Говорят, что армянские солдаты предали страну, угнетавшую их. Русские оккупировали Ван. Но турок не удовлетворяется тем, чтобы уничтожить предателей и шпионов. Он не устраивает суда — обширная сеть его полицейских учреждений, раскинутая по стране, развалилась. Он не собирается вести расследование, не проводит никаких различий, он словно гусеница шелкопряда обволакивает себя недоверием. Виновата кровь. И он пользуется роковым моментом, когда европейские народы заняты решением собственной судьбы, когда их руки несвободны и обагрены кровью.
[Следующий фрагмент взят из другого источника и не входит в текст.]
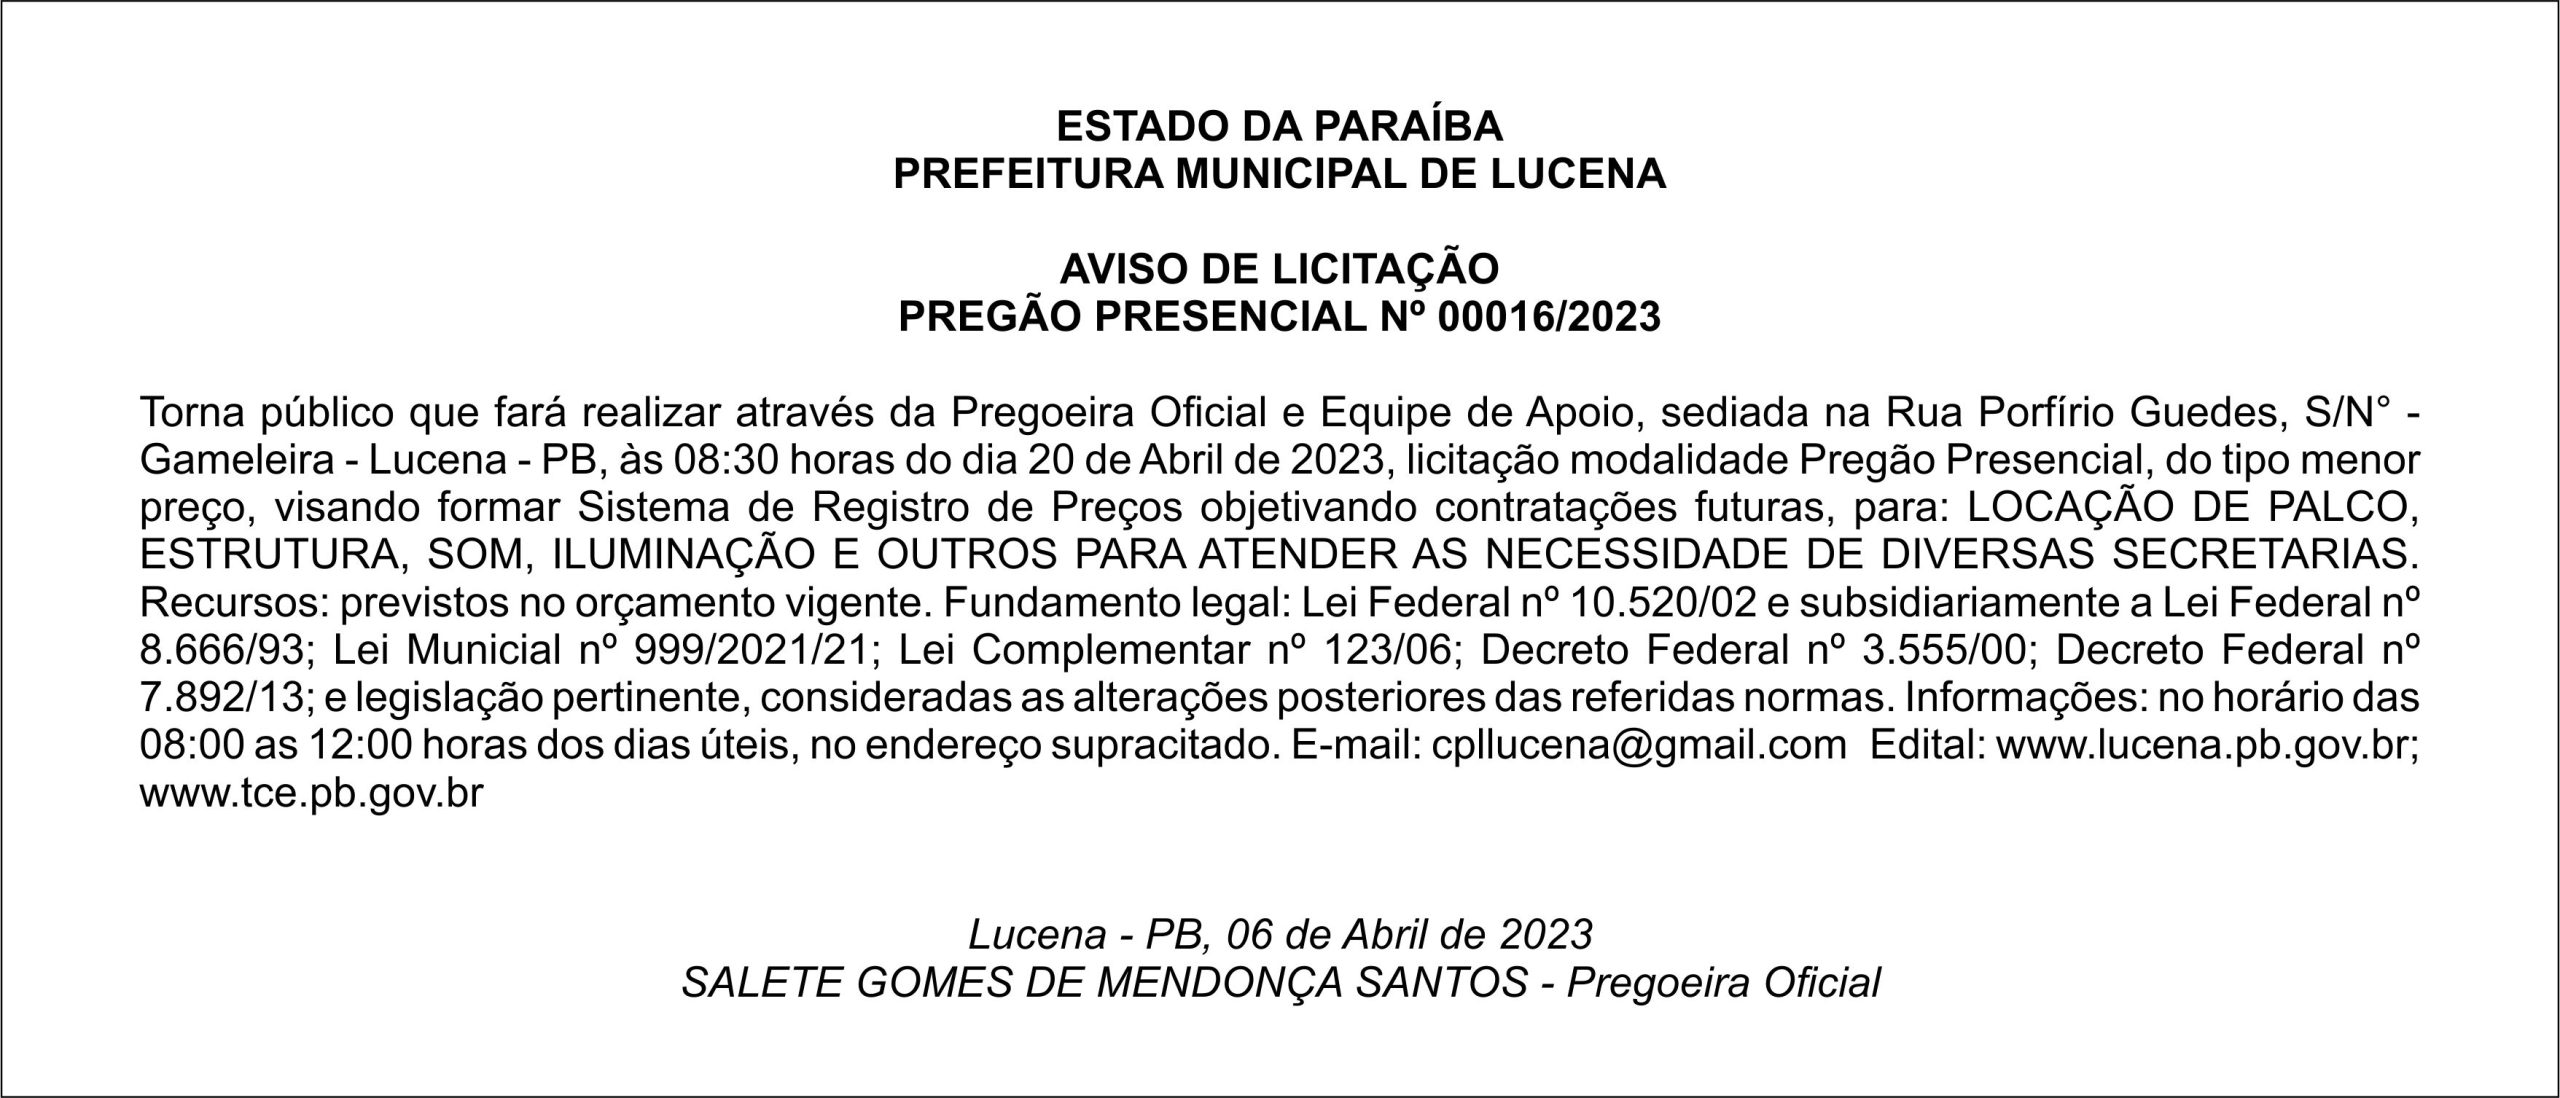 PREFEITURA MUNICIPAL DE LUCENA – AVISO DE LICITAÇÃO – PREGÃO PRESENCIAL Nº 00016/2023

Он уже полвека жестоко преследует своих вечных внебрачных детей, даже негромкий протест которых вызывает возмущение у людей Запада, обремененных повседневными заботами.
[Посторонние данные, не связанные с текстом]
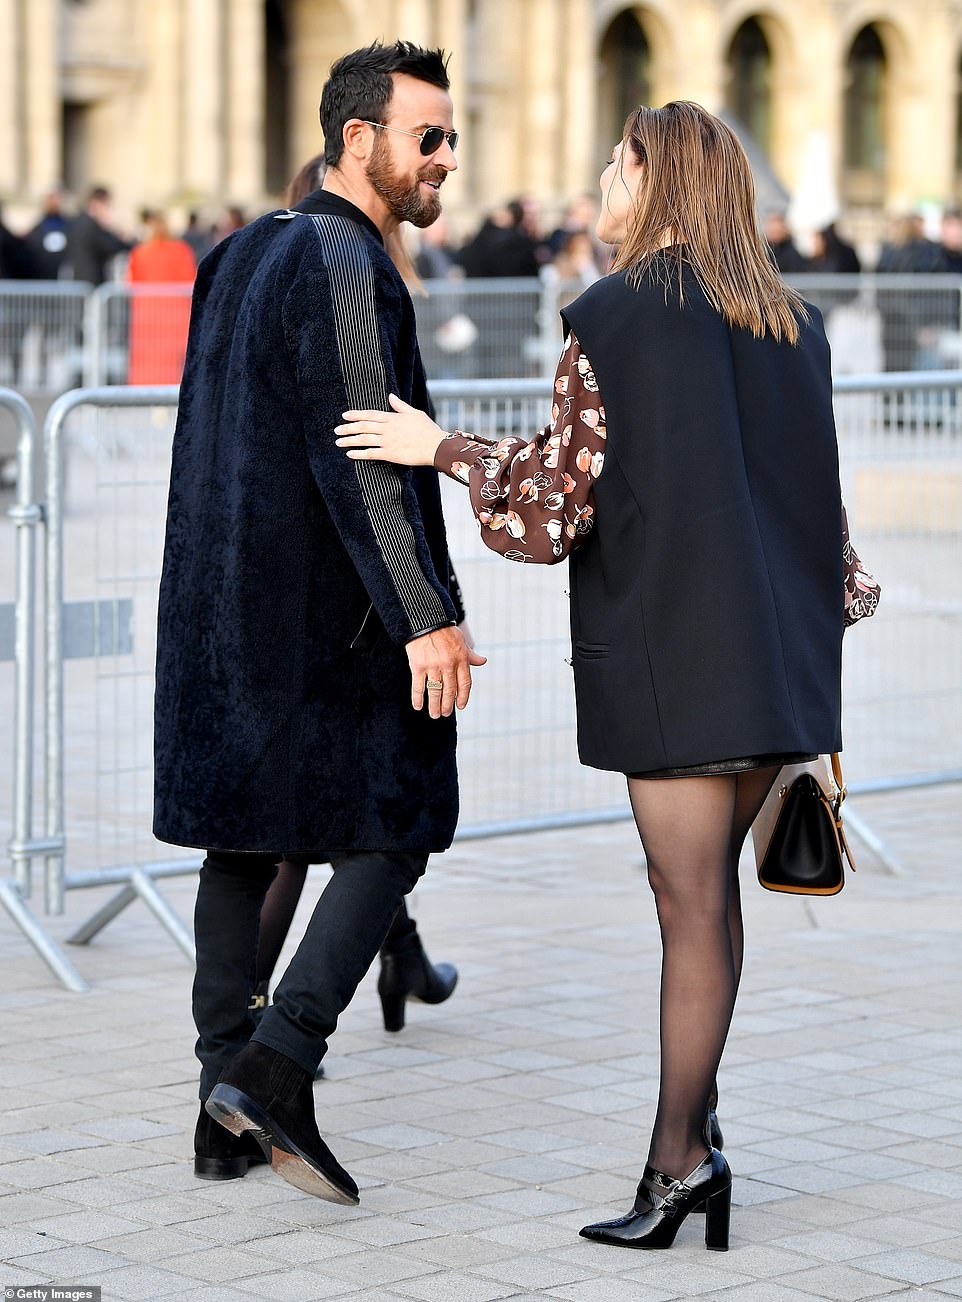 Звезды на модном показе Louis Vuitton в Париже. Часть 2 lea seydoux

Куда подевалось молодое мужество пробудившейся Турции, которая, испытывая отвращение к собственным действиям, опомнилась, хвалилась, что остановит развязанное в Сирии Абдул-Гамидом уничтожение народа, а также хвасталась, что залечила раны той варварской бойни, в ходе которой на алтарь Аданы
[98]
было принесено 20 тысяч человеческих жертв? Но я не стремлюсь докопаться до причин ее действий, которые для нас останутся навсегда непонятными. Я понимаю, что мы здесь сталкиваемся с одним из тех дел, которые неожиданно и непонятно, словно сумасшедший, творит это правительство. И жестоко разрушаются все прекрасные добродетели, не без усилий выращенные нами в сердцах этих людей. Что сказал бы революционер Энвер, если бы из-за него весь османский народ был приговорен к смерти? Или я должен верить голосам, которые мне в ночных беседах шепчут: вся вина на нем? Молодая Турция, обманным образом вселившая в нас огромное доверие к ней, творец магометанского государства, должного стать мусульманской великой державой, предстает в своих собственных владениях не менее дряхлой и болезненной, чем ее более старые предшественники.
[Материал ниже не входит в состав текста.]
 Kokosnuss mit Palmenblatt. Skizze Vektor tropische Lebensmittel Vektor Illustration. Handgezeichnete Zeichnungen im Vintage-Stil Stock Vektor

Так и будут соседствовать друг с другом обе части между смертью и жизнью. И, как всегда, ислам, использованный и оскверненный ради неблагочестивых целей, здесь также становится прикрытием всех преступлений. Эта религия утратила свою творческую силу и давно перестала проявлять свое господство над благородным магометанином Запада. Он чувствует себя полнейшим европейцем, воспитание которого часто ограничивается ношением новых национальных одежд и другими формальностями. Законы Корана служат ему для охраны и как щит против угроз извне, а если надо, то и для оправдания всяческого произвола, противоречащего принципам гуманности. Однако тайная власть этих законов не затрагивает его души. Они могут быть хороши для грузчика, продавца изюма, для народных масс, для многих сотен тысяч бедняков, которые являются подлинным богатством этой страны. Их трогательные и благочестивые сердца при всей слабости и робости и сегодня святы. Ослепленные суеверием отцов, они лежат скованными во мраке лабиринта, в который привел их Коран с таким удивительным и гибельным безразличием и хладнокровием. Из такого состояния их не сможет пробудить даже священная война. Затвердевшая рука Магомета давит своей тяжестью на этот народ. Его мужчинам не свойственен святой гнев недовольства, пробудивший из вековой спячки массы западного пролетариата. Женщины же этого народа, запертые в деревянных клетках, подобно пойманным зверям, рожают несвободных и хилых детей. Однако доброе послание нового исламского пророка было бы призвано искупить это проклятие. И тогда проявились бы силы, которые по-иному и творчески преобразовали бы душу народов Магомета в соответствии с новым учением. Его верховный принцип мне изложил один француз: «Ouvrez le harem et fermez le Coran
[99]
». Этот пророк проклят на то, чтобы никогда не родиться.